NASA remembers Hurricane Katrina

Five years after Katrina hit Louisiana, a video from Goddard Space Flight Center shows how NASA satellites captured the storm.

Katrina was not the biggest hurricane to hit the Gulf Coast, but it was one of the most destructive.

It was unusually wide, according to NASA, and the broad swath of ocean swells it created turned into a "massive, unrelenting" storm surge that flooded the coast and left 80 percent of New Orleans underwater.

Five years later, the city is still recovering --just last week, Smart Planet wrote about the high rate of childhood asthma in New Orleans, which is caused by all the mold that developed in Katrina's wake.

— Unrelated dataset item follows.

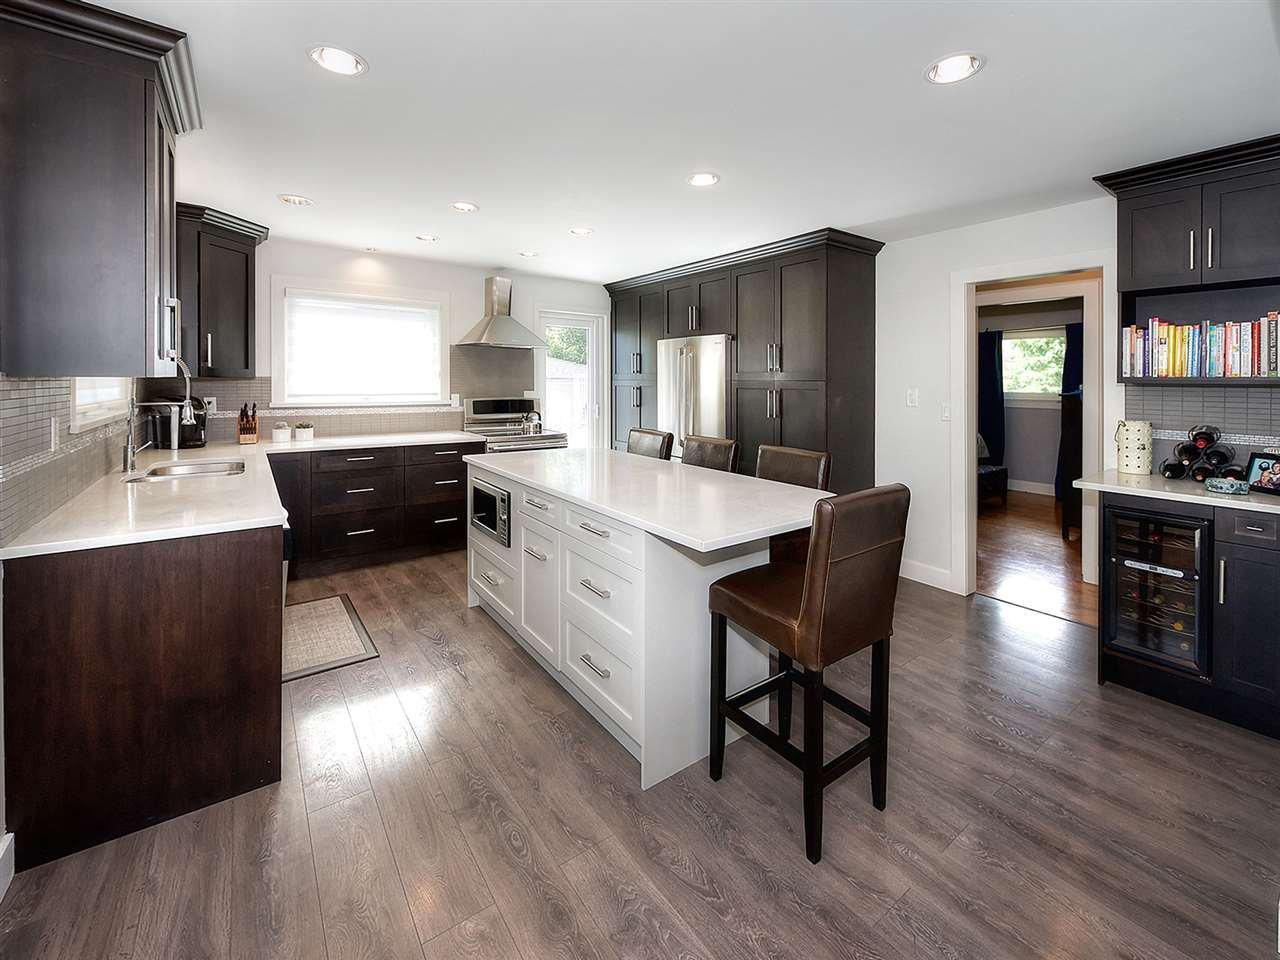 Photo 5: Photos: 1067 WILMINGTON Drive in Delta: Tsawwassen Central House for sale (Tsawwassen)  : MLS®# R2090180

This video from NASA/Goddard Space Flight Center in Maryland includes the dramatic image above -- it's a picture of what fueled Katrina, the relentless warming of the Atlantic Ocean in the weeks leading up to the hurricane.

From NASA:

The video opens with Atlantic Ocean sea surface temperatures data from an instrument called AMSR-E (Advanced Microwave Scanning Radiometer - Earth Observing System) that flies aboard NASA's Aqua satellite. Warm ocean waters (of 80 degrees Fahrenheit or warmer) provided energy to fuel the growing storm. Next, the MISR (Multi-angle Imaging SpectroRadiometer) instrument on NASA's Terra satellite captured the growth of cloud tops in the gathering storm.

Just before landfall, the Tropical Rainfall Measuring Mission (TRMM) satellite data revealed "hot towers" hidden within the hurricane -- powerful thunderstorms that helped intensify Katrina. TRMM also captured data on rainfall amounts throughout the hurricane's lifecycle.

Finally, the video shows Landsat satellite imagery of New Orleans before and during the flooding, as well as a more recent view of a city still rebuilding from the hurricane some five years later.

Katrina was so destructive that there will never be another one -- NASA notes that the World Meteorological Organization, which names hurricanes, has retired the name Katrina from its list.